A public university in Texas accused of denying recognition to a Christian student club because it required leaders to be practicing Christians has changed its policies to resolve the club's litigation.
The University of Houston-Clear Lake also agreed to pay Ratio Christi $25,000 in attorney's fees and $400 each for the club and two student plaintiffs, for a total of $26,200, according to the settlement agreement dated Feb. 2, which is not in the court docket.
The club's lawyers at the Alliance Defending Freedom (ADF), which voluntarily dropped the suit Tuesday, provided the 18-page agreement to Just the News to verify its claims, on the condition it not be published to protect its clients' privacy.
The university quickly granted recognition to Ratio Christi after it sued last fall but took months longer to revise policies that were used to deny recognition, which comes with benefits including meeting space, participation in student involvement fairs, and funding covered by mandatory student services fees.
Under the settlement, the university added a sentence to the 2021-2022 Registered Student Organization Handbook explicitly granting clubs the right to "limit Officers to those members who subscribe to the tenets of that organization." (Most of the settlement is the handbook.)
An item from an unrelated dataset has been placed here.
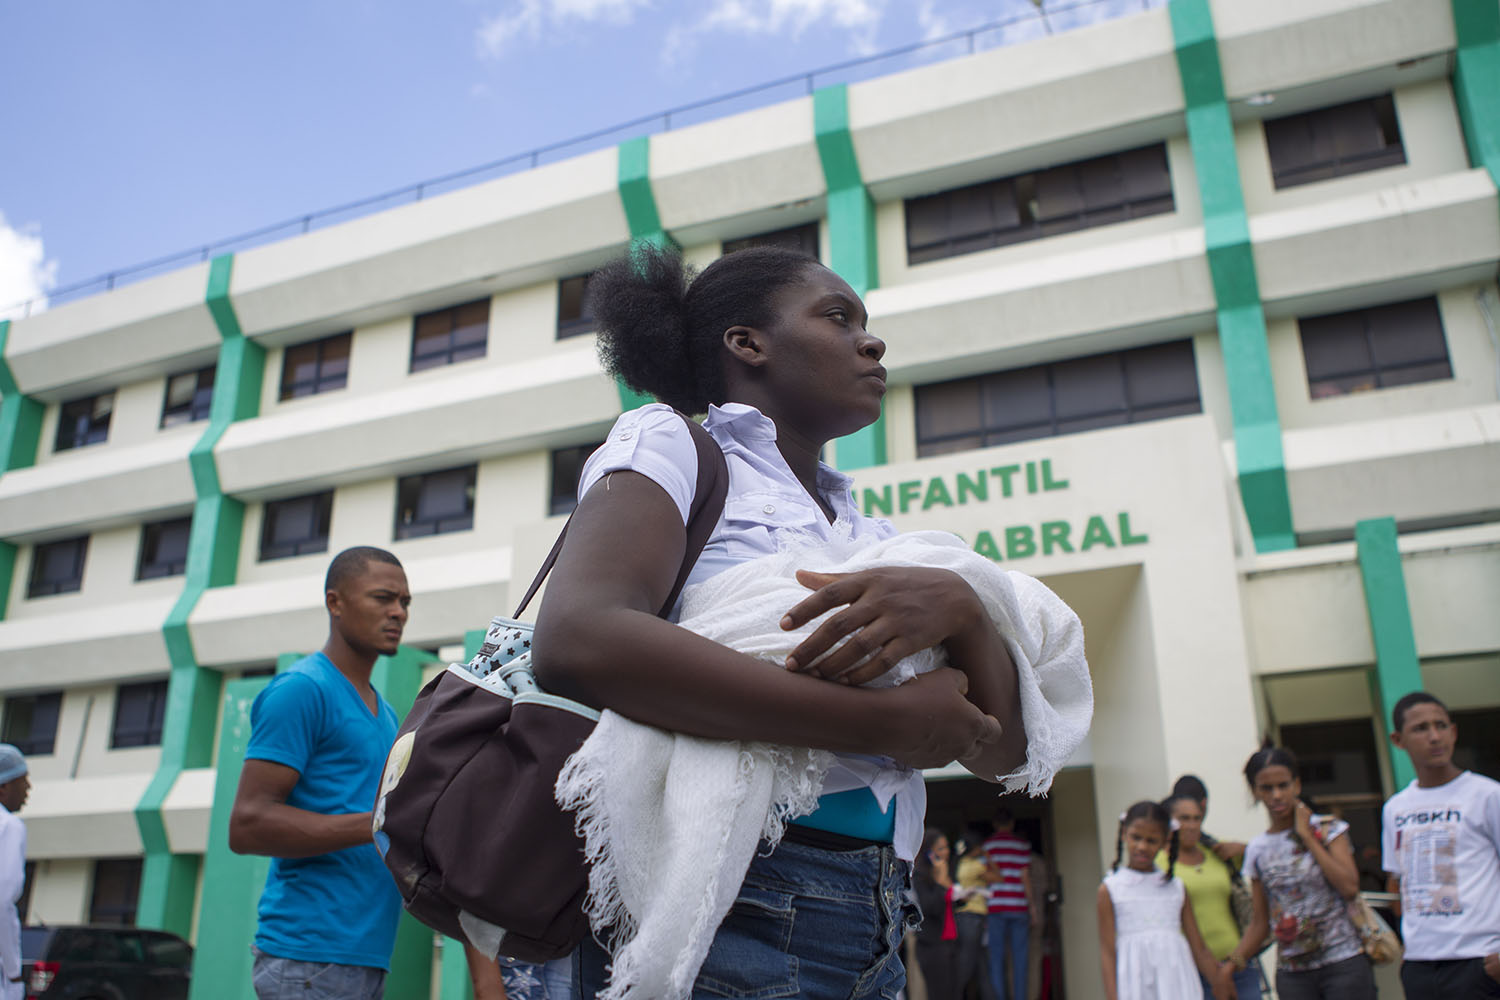 Ministra de salud dominicana asume en medio de protestas tras muerte de 11 niños

ADF characterized other changes as "transparent guidelines for how a student group should gain approval to become a registered student organization, and an appeal process in the event of a denial."
The handbook doesn't specify which sections are new but does lay out specific registration and appeal procedures.
The old policies weren't enforced against other clubs that restrict membership, even on the basis of protected categories such as sex and veterans status, Ratio Christi claimed.
The parties were already in "settlement discussions that may ultimately resolve this lawsuit," according to a Jan. 7 filing.
"Public universities across the country are learning that there are consequences when they unlawfully discriminate against students or student groups based on their faith," ADF senior counsel Gregg Walters said.
The university disputed that much that changed because of the settlement.
"The University of Houston-Clear Lake’s approval of the student organization is consistent with the policies that are in place and were in place prior to the filing of this lawsuit," according to a Feb. 17 statement provided by a spokesperson, attributed to the UH System.
"A clarification was added to the university’s Student Organization Handbook to ensure there was no confusion regarding selection of officers for student organizations. Regardless of the clarification, the University of Houston-Clear Lake has always allowed officers of student organizations to align with the tenets of the organization they represent."